“Jim Lushing—the black curse be upon him!—he shot you; didn’t you know that?”

“I don’t remember. Whereabouts am I hit?”

“I wouldn’t be knowing that at all, Davie; I’m just this minute here. The shed watchman came and told me that Lushing had killed you in Jack’s place down the street. ’Twas scared they were to have you found dead in that place, so they carried you here.”

“Scared?” said David.

“For what your men might do; there’s a many of them in town, and they’d have wrecked the place. Where is it hurting you, Davie, dear?”

“I feel as if somebody had given me the heart punch—I believe that’s what the ring-fighters call it. But it’s letting up a bit now. Where am I?”

“In the Murtrie ore shed. They’d be putting it up to Mike Drogheen, the watchman, to say he’d shot you—taking you for an ore thief.”

“And paying him well for it, I suppose.” He was groping carefully for the wound and found only a rip in the left breast of the brown duck shooting-coat. There was no blood; only a tremendous soreness. He raised himself and sat up. “If we only had a light of some sort,” he muttered.

“Wait,” she said, and ran away to come back within the minute with the watchman’s lantern. “Poor old Mike’s hiding beyond in the blacksmith shop, scared trembling at the lie he’s thinking he’s got to tell. Don’t sit up, Davie; you might be bleeding to death.”

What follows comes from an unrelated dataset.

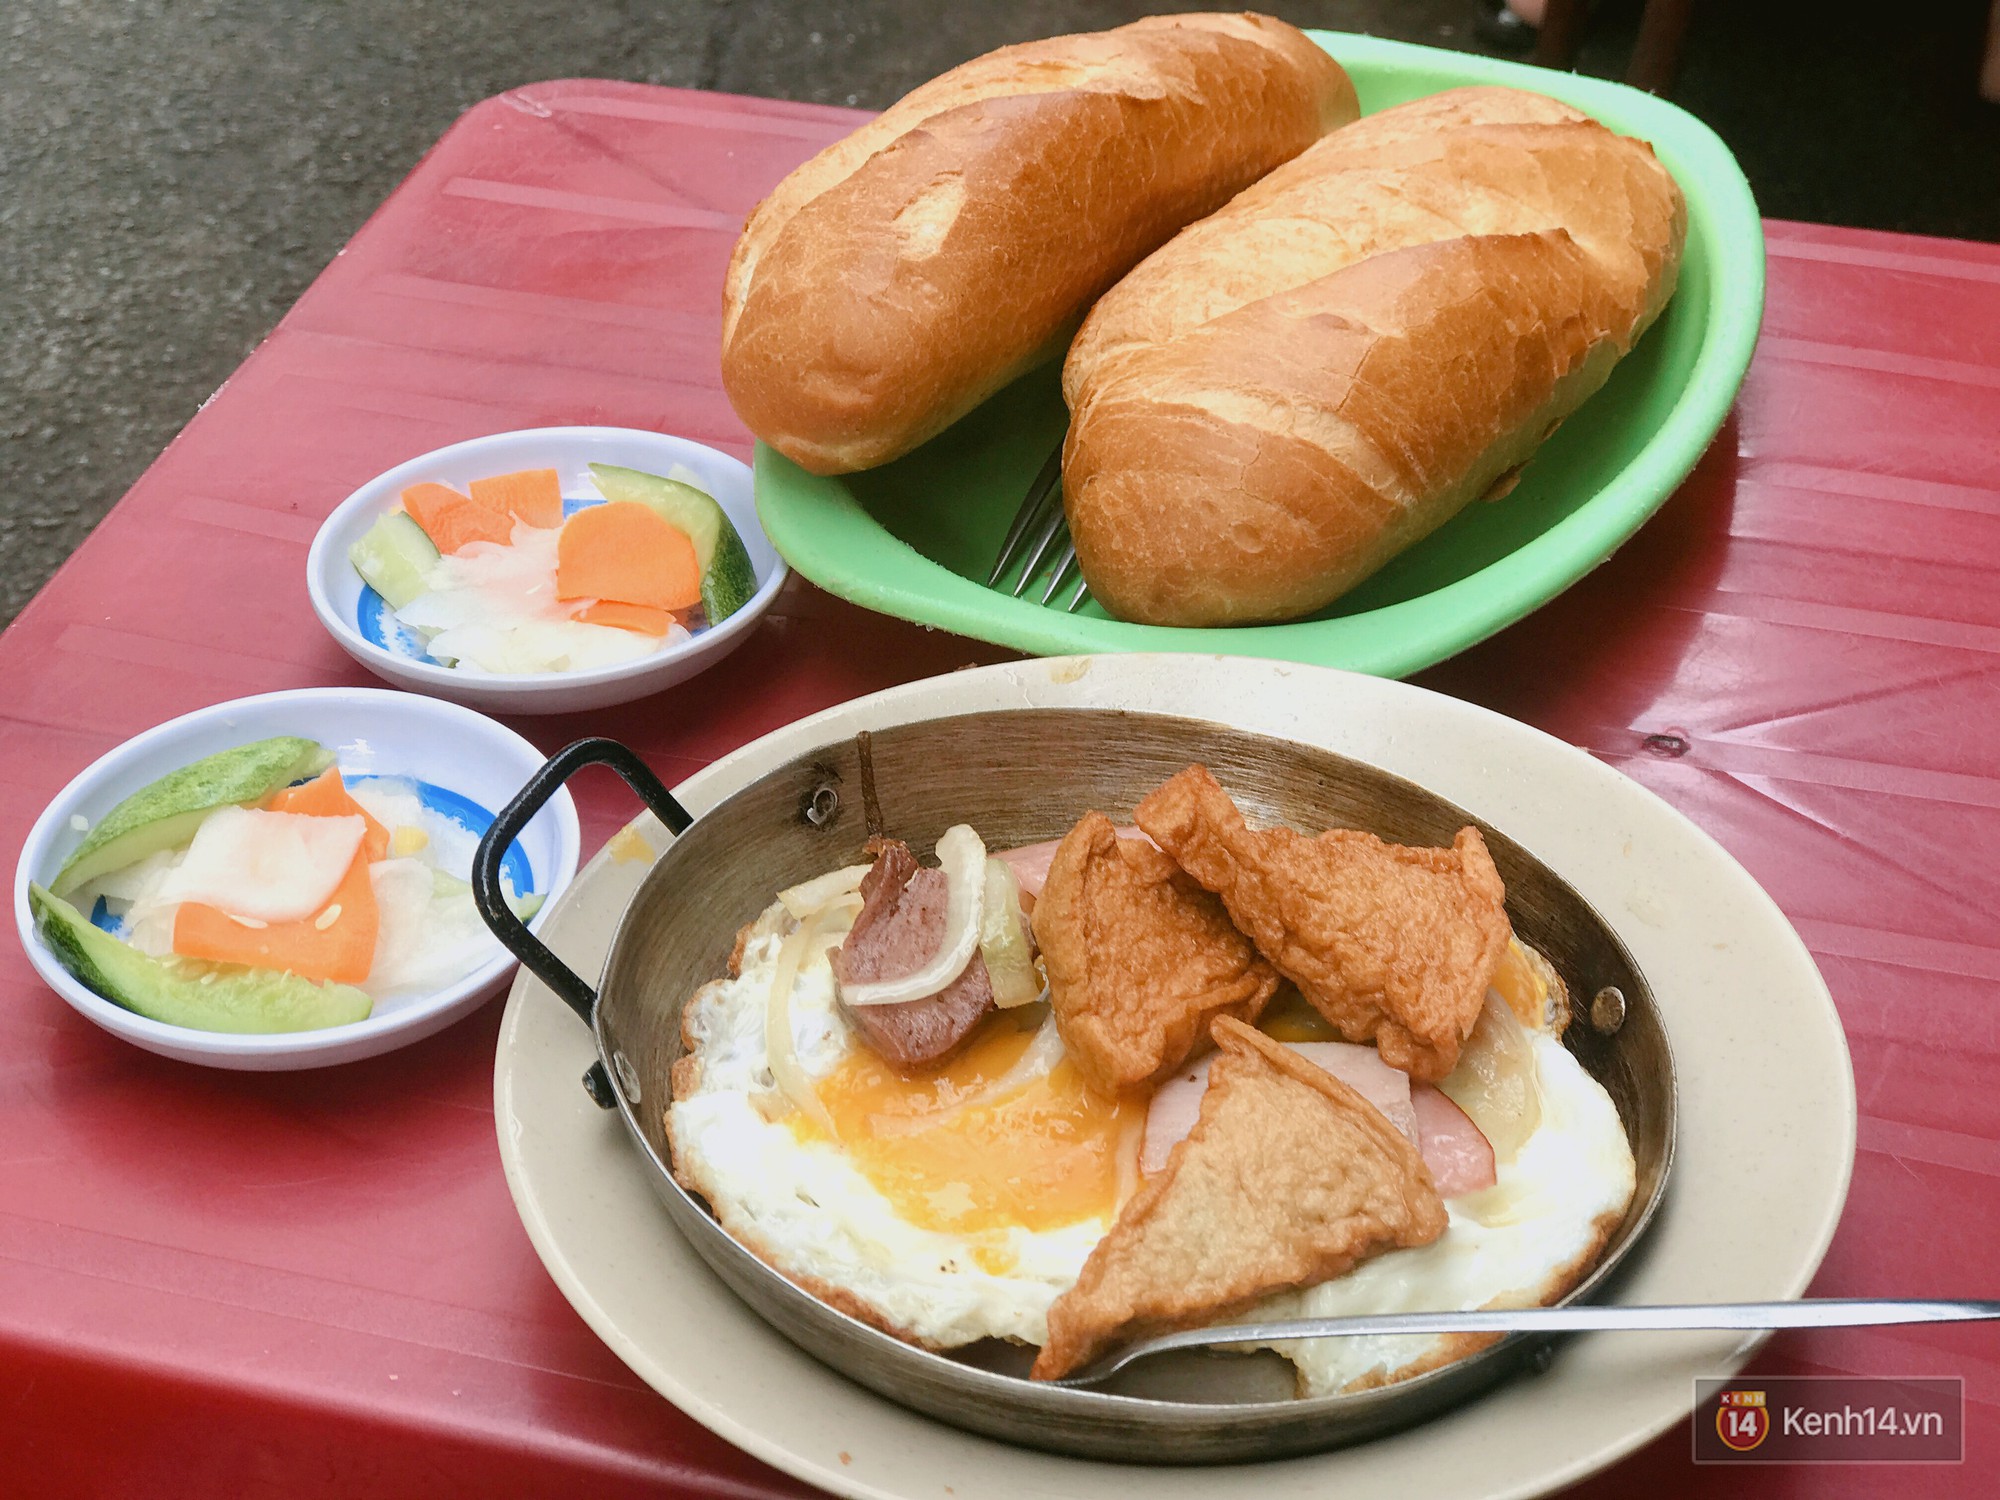 Lưu ngay những quán bánh mì chảo để bạn thưởng thức bữa sáng mộc mạc đậm chất Sài Gòn - Ảnh 1.

David was groping again, and this time, out of the ripped pocket of the brown coat he fished an engineer’s field-note book. Then he knew why there was no blood, and why the body area behind the pocket was as painful as if it had been beaten with a hammer. Lushing’s shot had been a glancing one, and the thick note-book had turned it aside. There was little left of the book save the perforated leather cover and a mass of torn leaves.